When ADH levels are low in the blood (possibly due to decreased blood osmolarity or drugs like caffeine and alcohol), too little aquaporin is present at the inner of the distal convoluted tubule, and the transport of Na+ is not followed by water transport. A lot of water remains into the tubule, being excreted as a hypo-osmotic urine reaching even 20 mL/min or 8 L/day. Conversely, if ADH levels are high in the blood (possibly due to increased blood osmolarity), a lot of aquaporin is present at the inner of the distal convoluted tube, enabling water to follows the Na+ active transport. Then, urine acquires a hyper-osmotic character as it crosses the medulla in a low-flux faction, decreasing to about 0.4 ml/min or 500 mL/day. ---- 1Each cell is rounded by a lipid membrane, which does not allow polar molecules to pass because they do not dissolve in it. Substances such as H2O, Na+ (sodium), K+ (potassium), Cl- (chloride) and urea are highly polar, so they cannot pass the cell membranes unless transmembrane proteins create a channel. These proteins form pores too specific, however, allowing only one of H2O, Na+, K+ or urea to pass trough it. There are water-channels (aquaporin), sodium-channels, potassium-channels and urea transporters (not exactly a channel). 2 ADH means Anti-Diuretic Hormone, or vasopressin. It is a protein released by the pituitary gland into the blood when specific neurons detect a slight increase in blood osmolarity, which is kept at 290 mOs. 3 A cell expresses a protein when the cell activates the gene codifying it. Although all cells of the body have the sane genetic code, not all genes are activated at the same cell-type and at the same time. In fact, about only 1% of the genes in human genome is expressed in any cell. There are constitutive genes, which remain activated in a tissue despite any regulation. Other genes are expressed only under specific environmental stimulation, usually due to hormones reaching the cell. 4About 1100 mL/min of blood passes trough kidney (650 mL/min of plasma), of which 120 mL/min enters the renal filtration system, pumped by a pressure gradient of 20 mmHg lower into the Bowman's capsule than in the blood vessels. The non-filtered part goes to the vasa recta and recovers most of it constituents, but a part of its urea and water.

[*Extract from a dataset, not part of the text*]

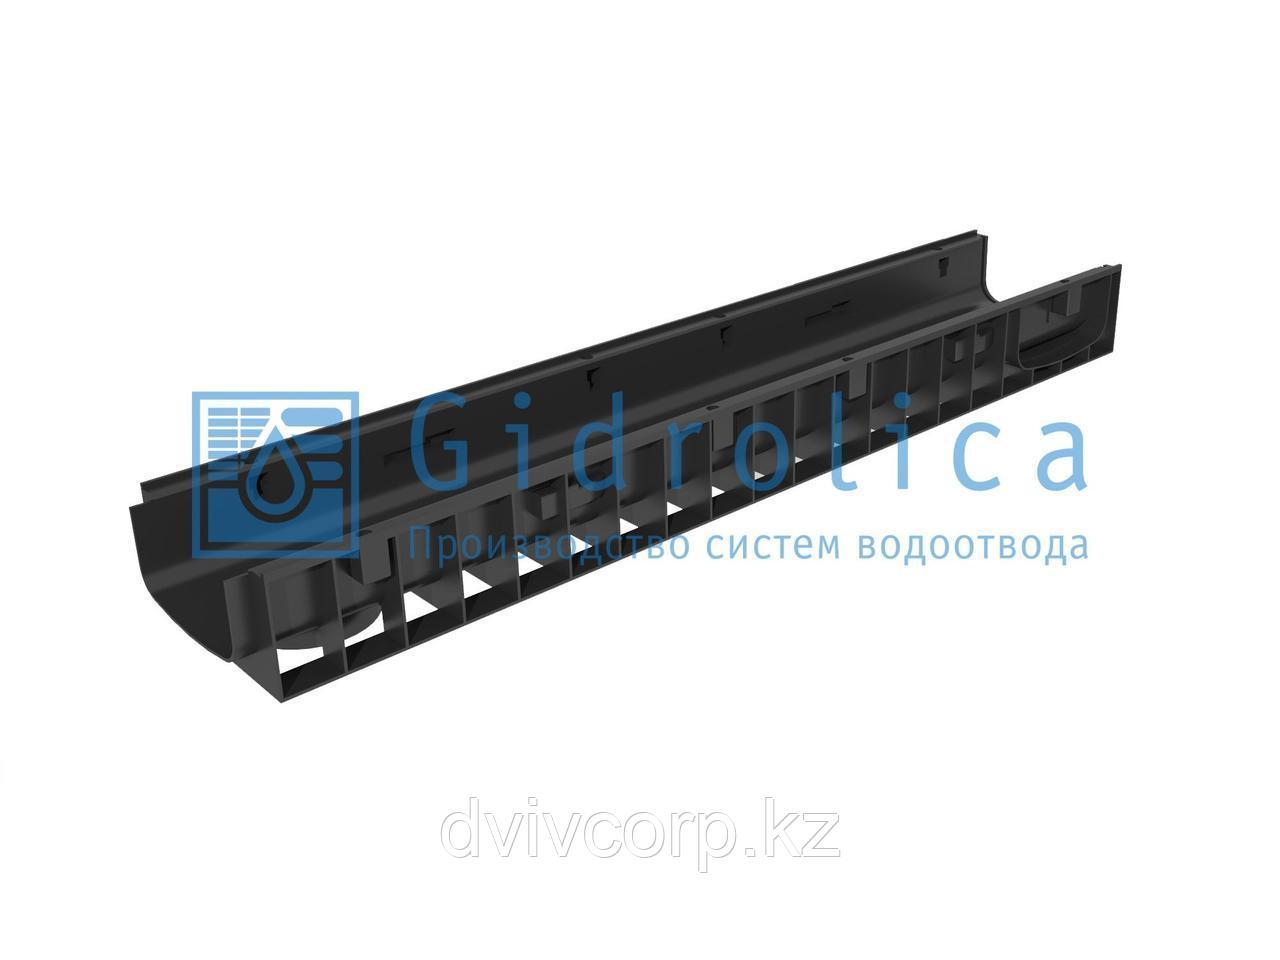 Арт. 815 Лоток водоотводный Gidrolica Standart ЛВ-15.19,6.10 - пластиковый

5 Na+/K+/2Cl- ATPases are membrane proteins expressed at the end of the ascending limb of Henle's loop. This region of the loop does not express aquaporin and UT, so it is impermeable to water and urea. The protein hydrolyses intracellular ATP in order to force large amounts of Na+/K+/2Cl- ions out of the tubular fluid and into the tubular cells, from which the ions leave passively, trough ion channels. 6 The active transport here is driven by the classical Na+/K+ ATPase. This protein is present at the outer face of the tubular cells and if forces Na+ ions out of the cells. The fluid Na+ ions enter the cells by passive sodium-channels at the inner face. Similarly, K+ ions enter the cells and the tubular fluid coming from out of the tubules. Because more sodium exits than potassium enters, the Na+/K+ ATPase decreases the osmolarity of the tubular fluid. This does not happen, however, because water can freely cross the tubule walls, following the Na+ ions. The presence of ion channels and Na+/K+ ATPase at this portion of the renal tubules are under the control of the hormone aldosterone.